*** Opening Data extract ***

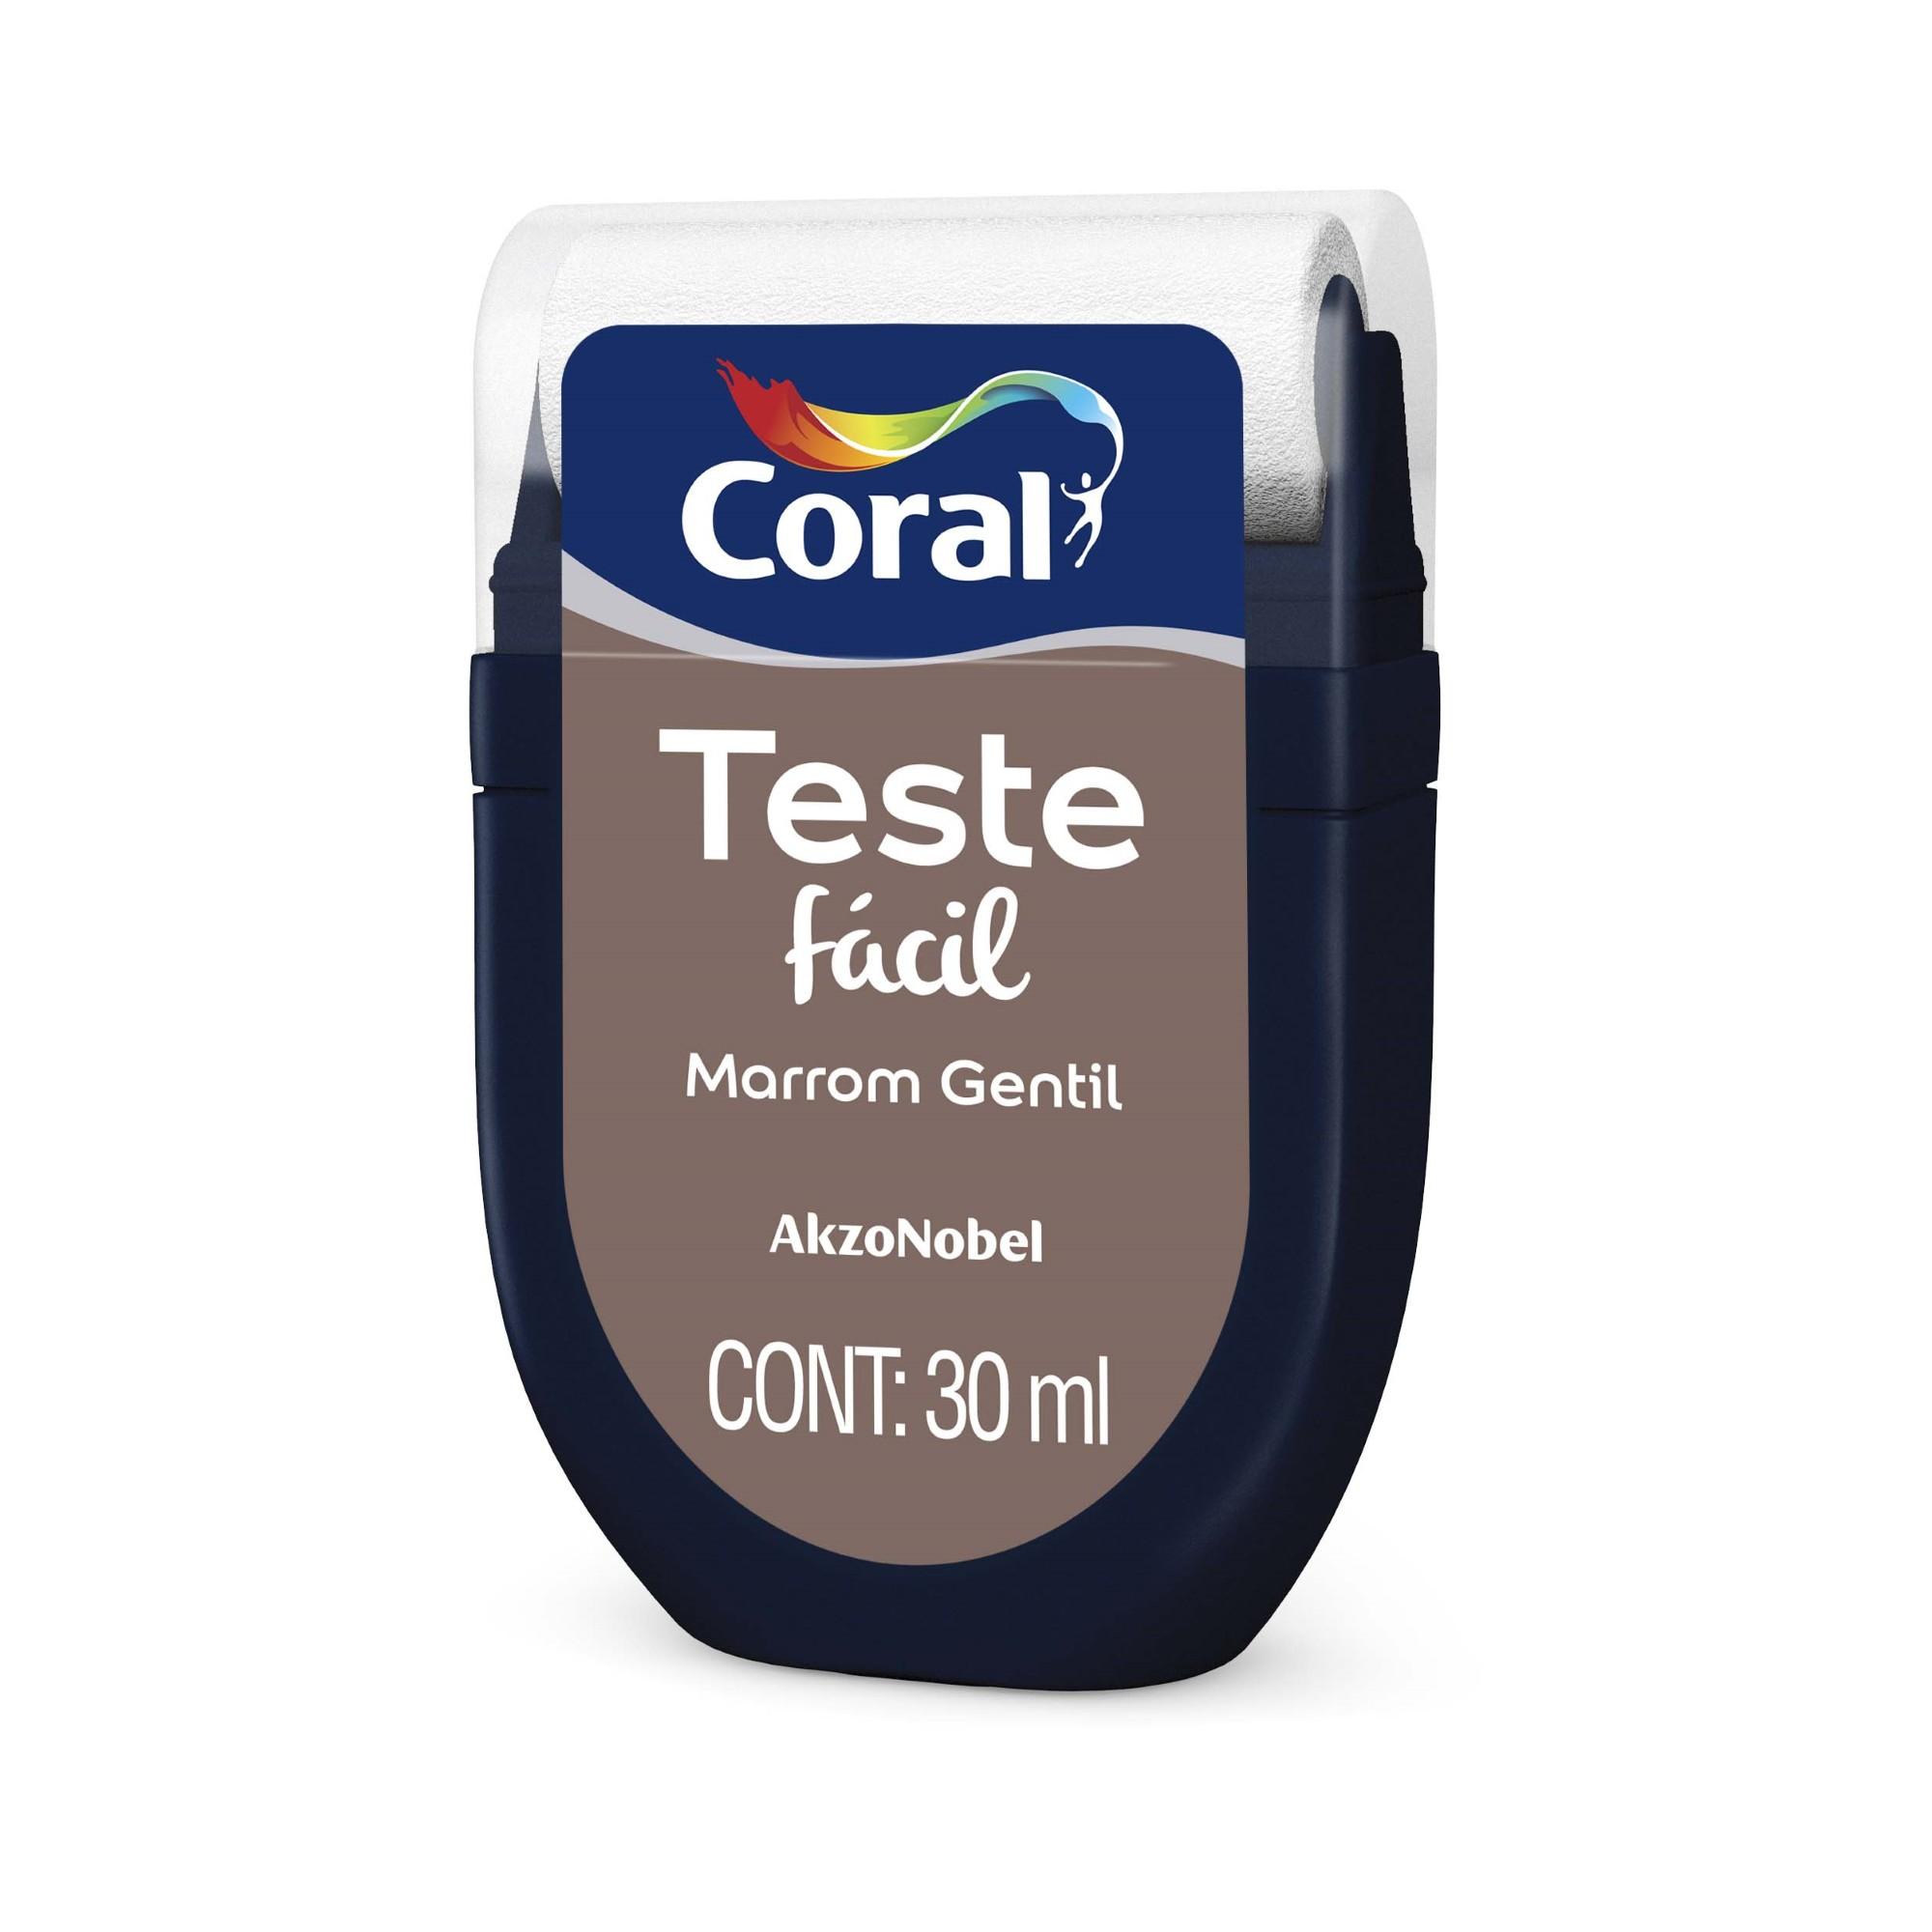 Teste Facil Marrom Gentil 30ml - Coral
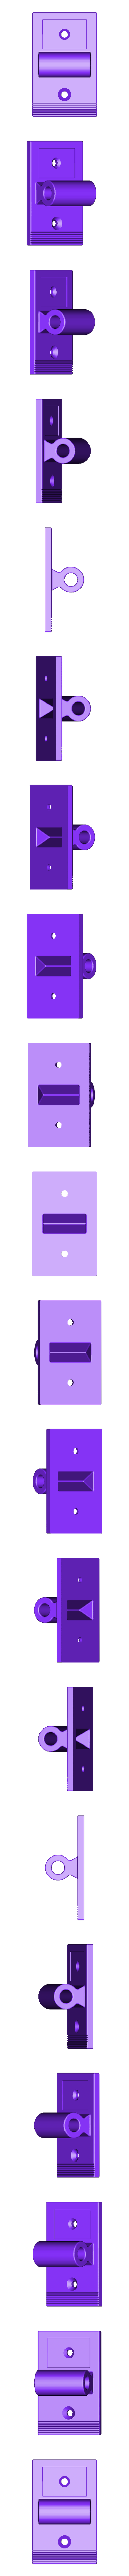 base.stl Download free STL file Wall Pin • 3D printing design, omni-moulage
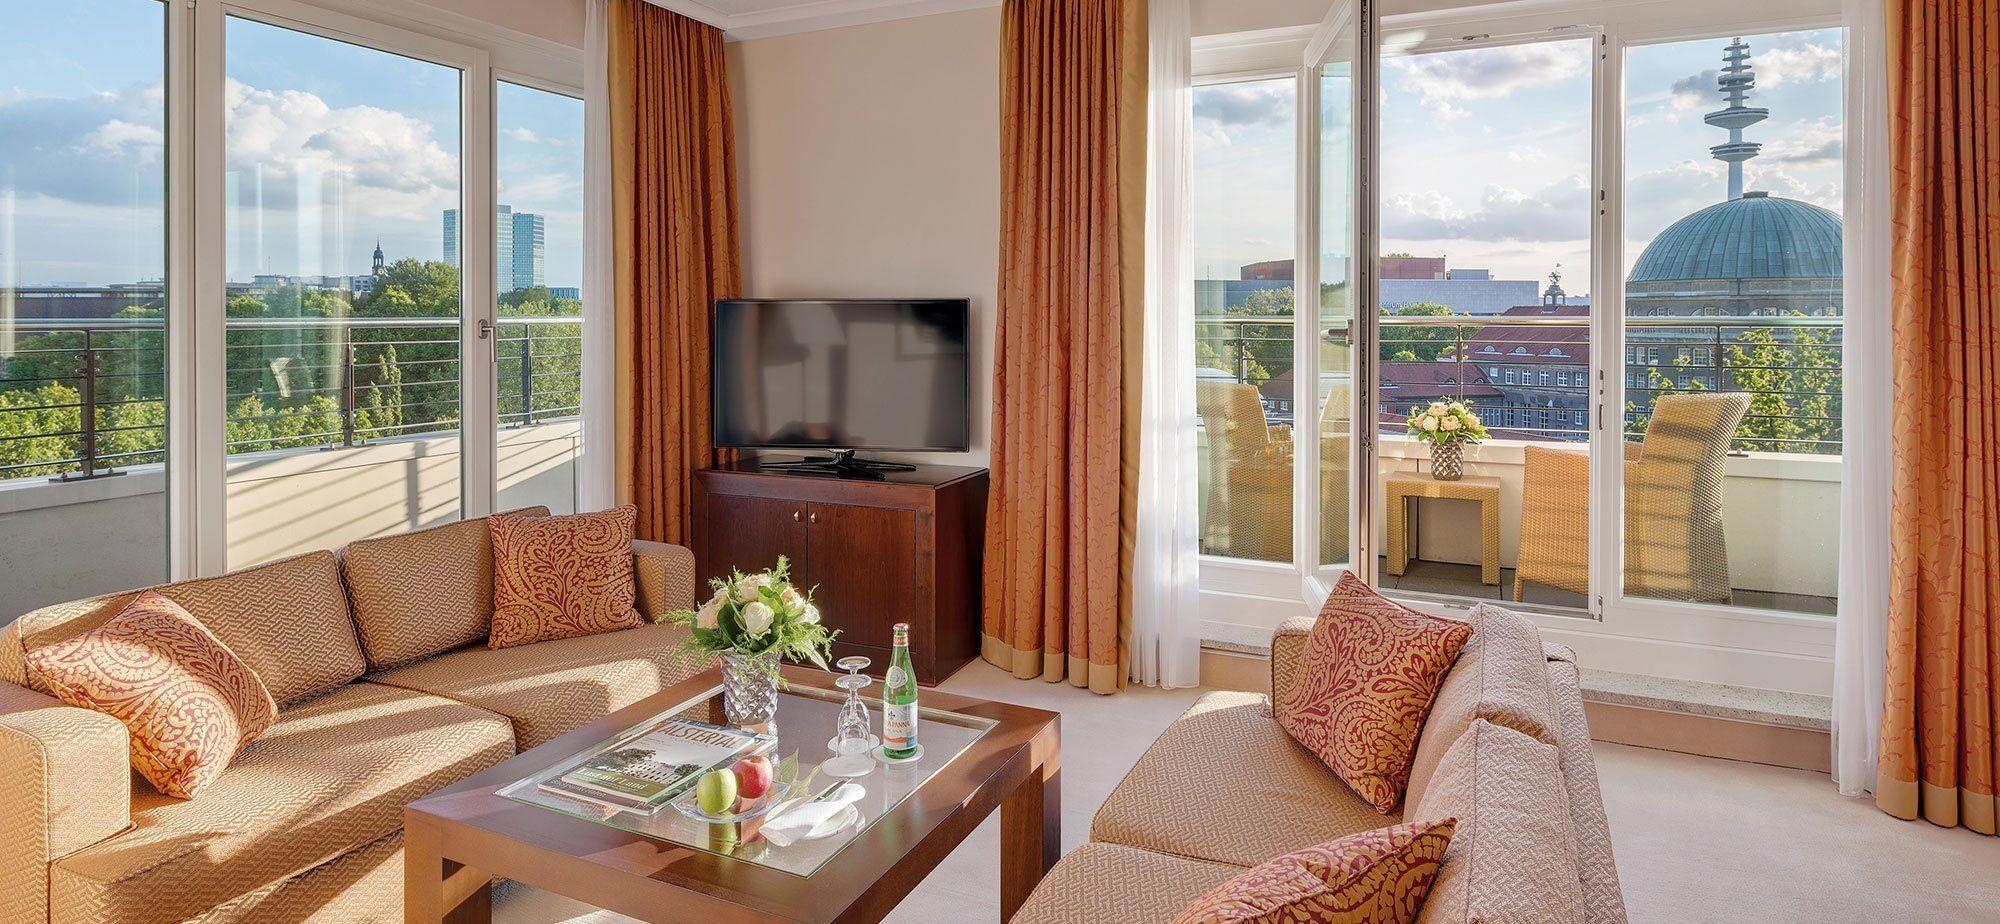 Penthouse Ecksuite Elysee Hotel Ag Hamburg
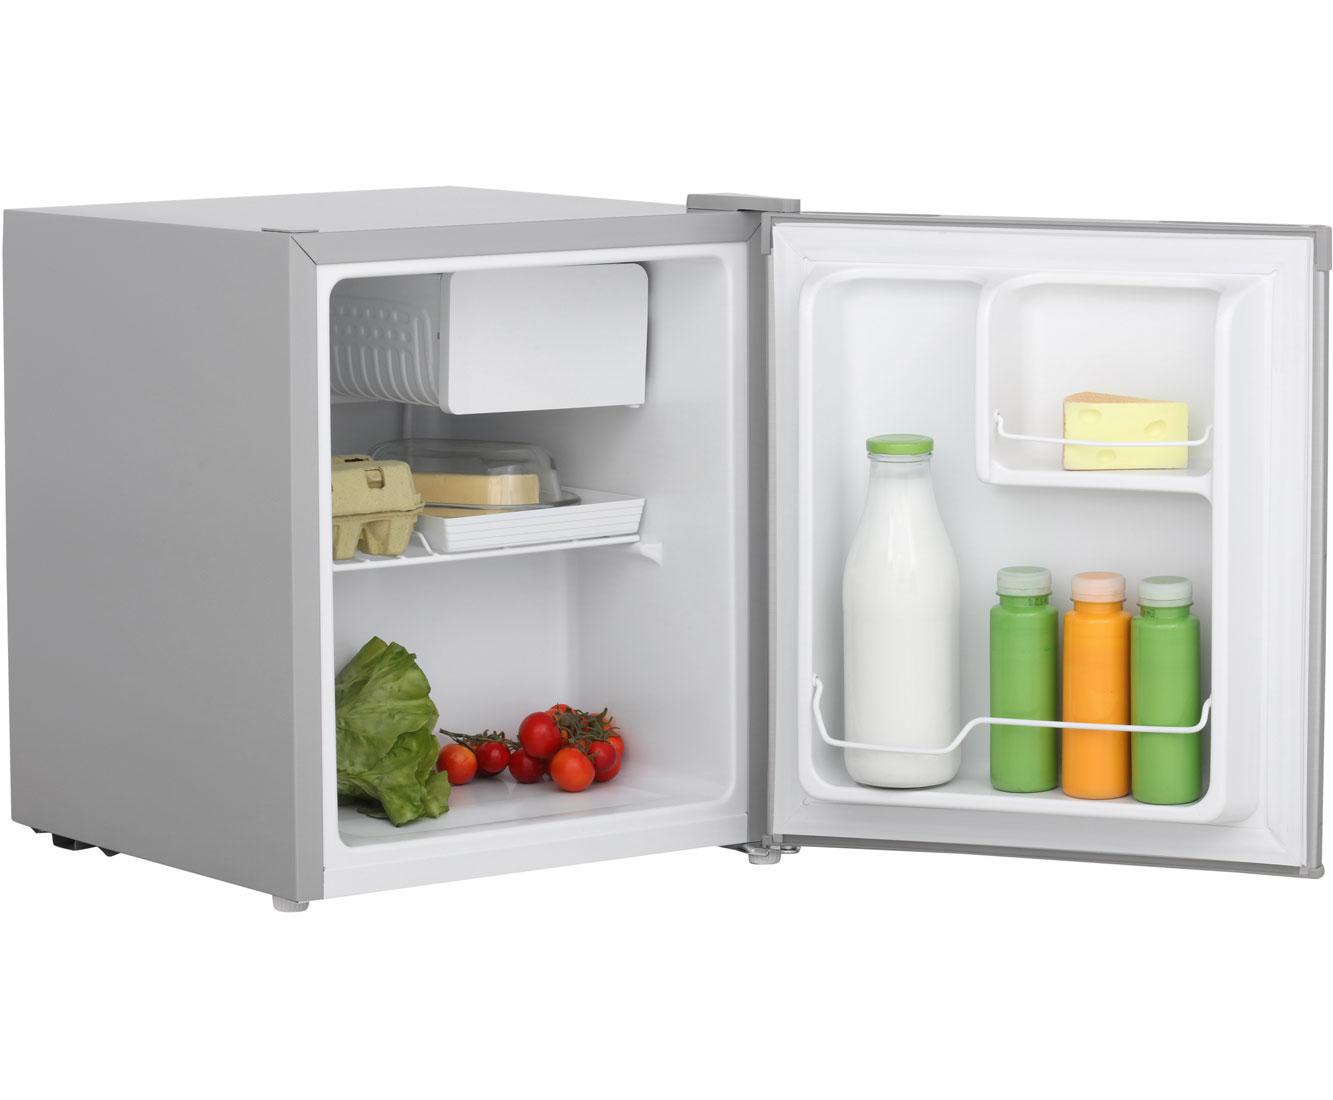 Bomann Kühlschrank Qualität : Bomann kb kühlschrank silber a

*** Closing Data extract ***

Your task is to retype the listing exactly, without its pictures.

### [Solution]
 Teste Facil Marrom Gentil 30ml - Coral
 base.stl Download free STL file Wall Pin • 3D printing design, omni-moulage
 Penthouse Ecksuite Elysee Hotel Ag Hamburg
 Bomann Kühlschrank Qualität : Bomann kb kühlschrank silber a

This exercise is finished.